Victims of their own success
Shale-gas drillers are struggling to cope with the cheap prices brought by their onslaught of supply
Production continues to outstrip demand, despite a jump in the use of gas in the power sector at the expense of coal. Prices remain low, with little sign of recovery. The US natural gas sector is struggling to maintain momentum.
In the short term, hot weather and a surge in power demand for air conditioning could be producers’ best hope.
But, in the longer term, they will be looking to a spate of new processing facilities based on cheap gas feedstock, scheduled to come on stream in the next couple of years, and the advent of US LNG exports to provide support for the market. Fast growth in the US economy would help too.

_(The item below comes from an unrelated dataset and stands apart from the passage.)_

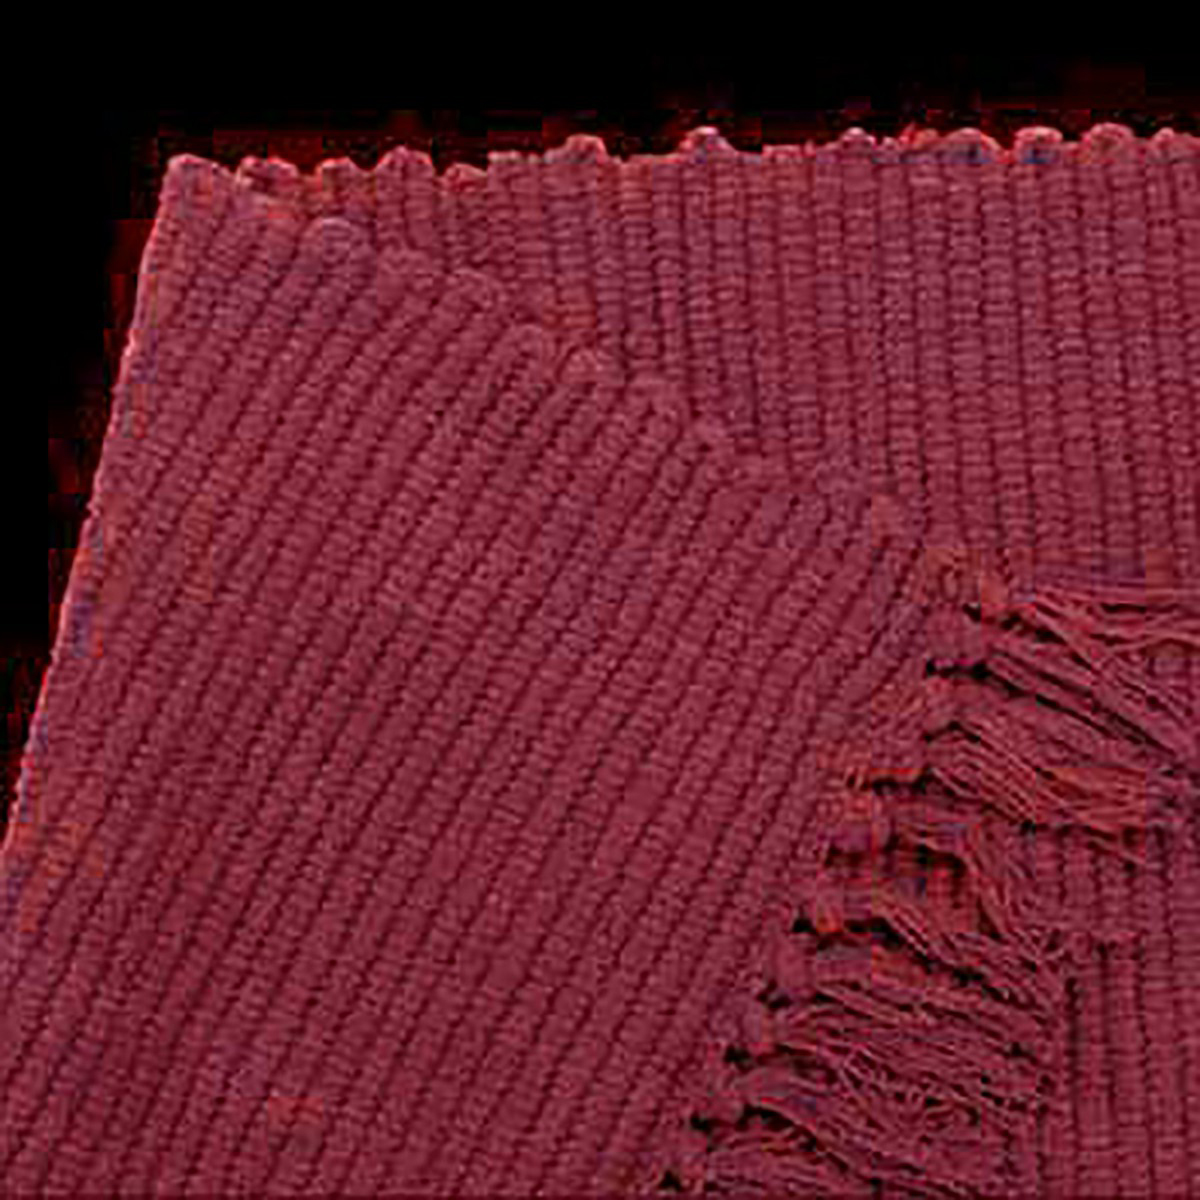 Rectangular Area Rug 8 x 2 6 Red Cotton Carpet Runner Carpet Runners Stairs Runner

While US gas production continued to grow modestly over the past year, the short-term outlook is looking less rosy, with output from the main shale gas plays forecast to fall between June and July this year, according to the Energy Information Administration (EIA) (Table 1).

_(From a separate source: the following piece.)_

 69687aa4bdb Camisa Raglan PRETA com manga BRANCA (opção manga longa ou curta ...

One of the leading indicators of the gas sector’s plight at present is the rise in gas held in storage, which the EIA estimates rose 42.9% in the year to 12 June, 2015, reaching 2,433bn cf.
Such evidence of lukewarm demand means few are predicting a rise in natural gas prices in the short to medium term with futures on the benchmark Henry Hub contract trading well below $4/mn Btu for several years ahead (see demand and prices box).
Low hydrocarbons prices have already initiated what may turn into a major restructuring of the US upstream activities, as companies with too little financial strength struggle to stay afloat.
However, this is primarily driven by oil rather than gas market considerations, and the appetite of larger players to pick off their smaller cash-strapped rivals has so far proved limited – a reflection of the puny rewards on offer.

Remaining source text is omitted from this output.